(Exercise data begins)
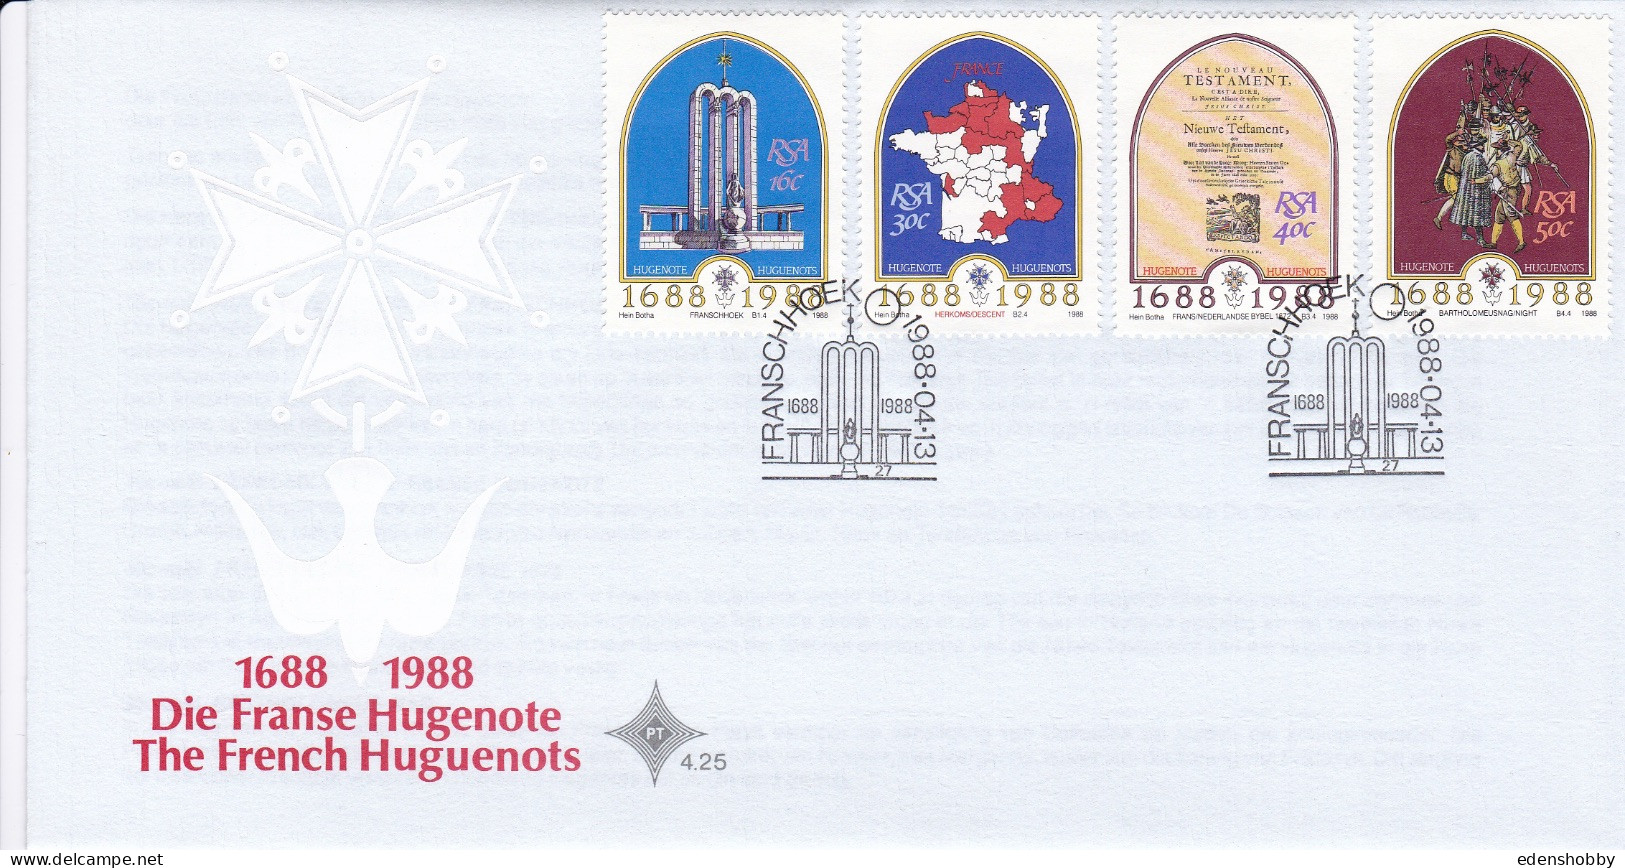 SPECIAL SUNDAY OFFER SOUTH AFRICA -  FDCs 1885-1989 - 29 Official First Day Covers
(Exercise data ends)
(Exercise data begins)
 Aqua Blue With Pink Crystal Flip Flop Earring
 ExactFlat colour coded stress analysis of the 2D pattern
(Exercise data ends)
(Exercise data begins)
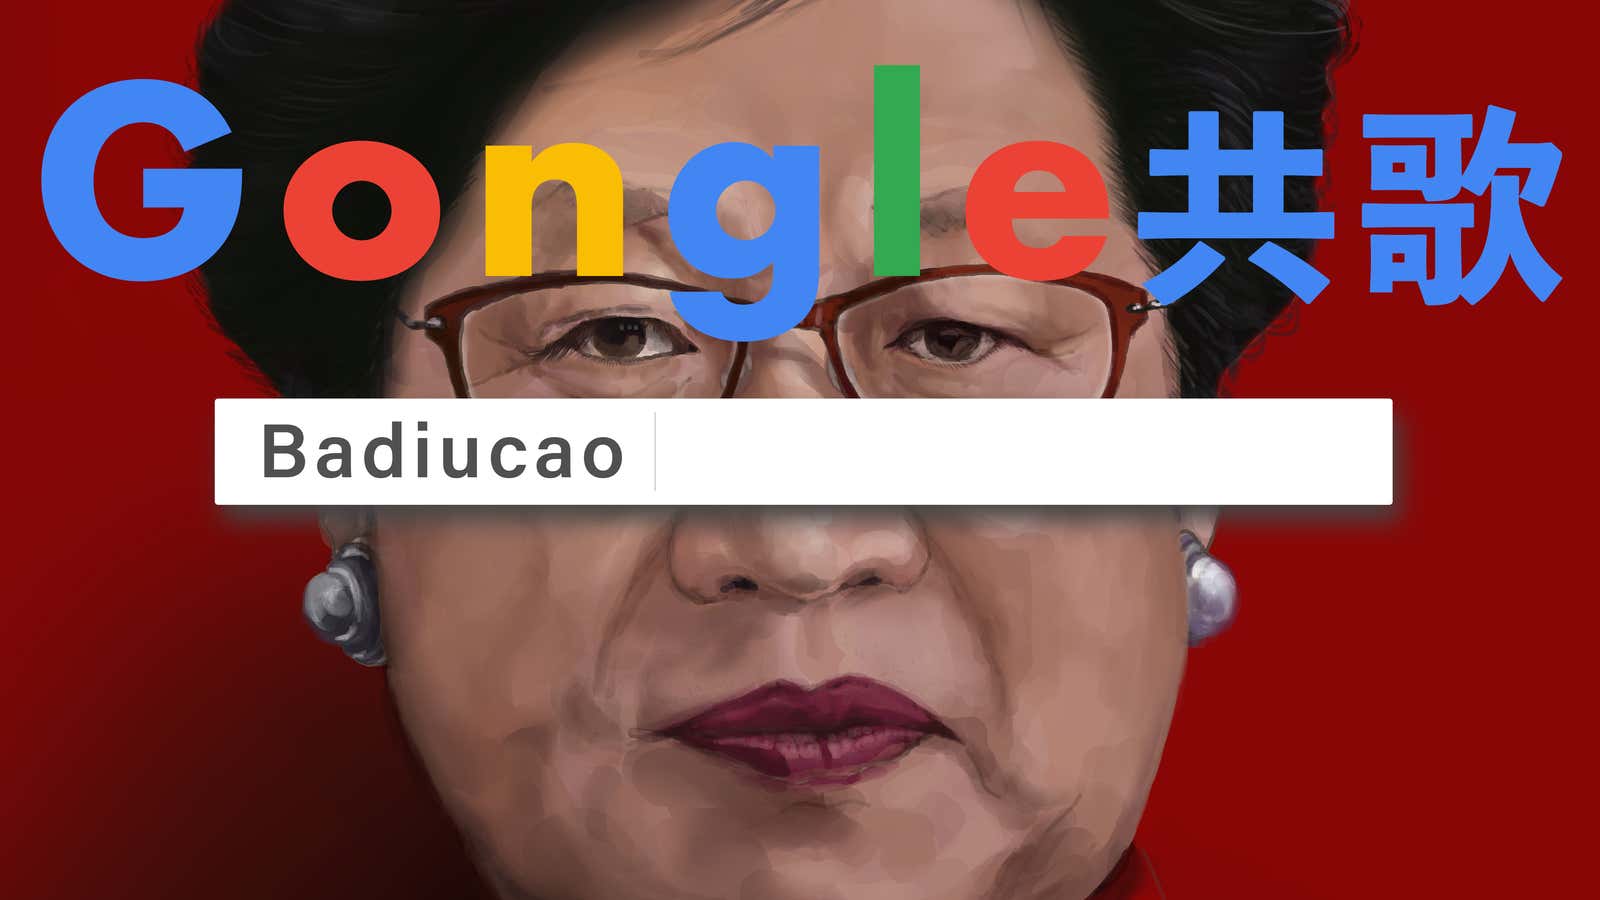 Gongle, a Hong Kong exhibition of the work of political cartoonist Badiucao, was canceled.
(Exercise data ends)
▶ Problem requirements: Taking the entries above, write out exactly each line from the one holding "Aqua Blue With" to the one holding "ExactFlat colour coded", both included, and stop there.

▶ Answer section:
 Aqua Blue With Pink Crystal Flip Flop Earring
 ExactFlat colour coded stress analysis of the 2D pattern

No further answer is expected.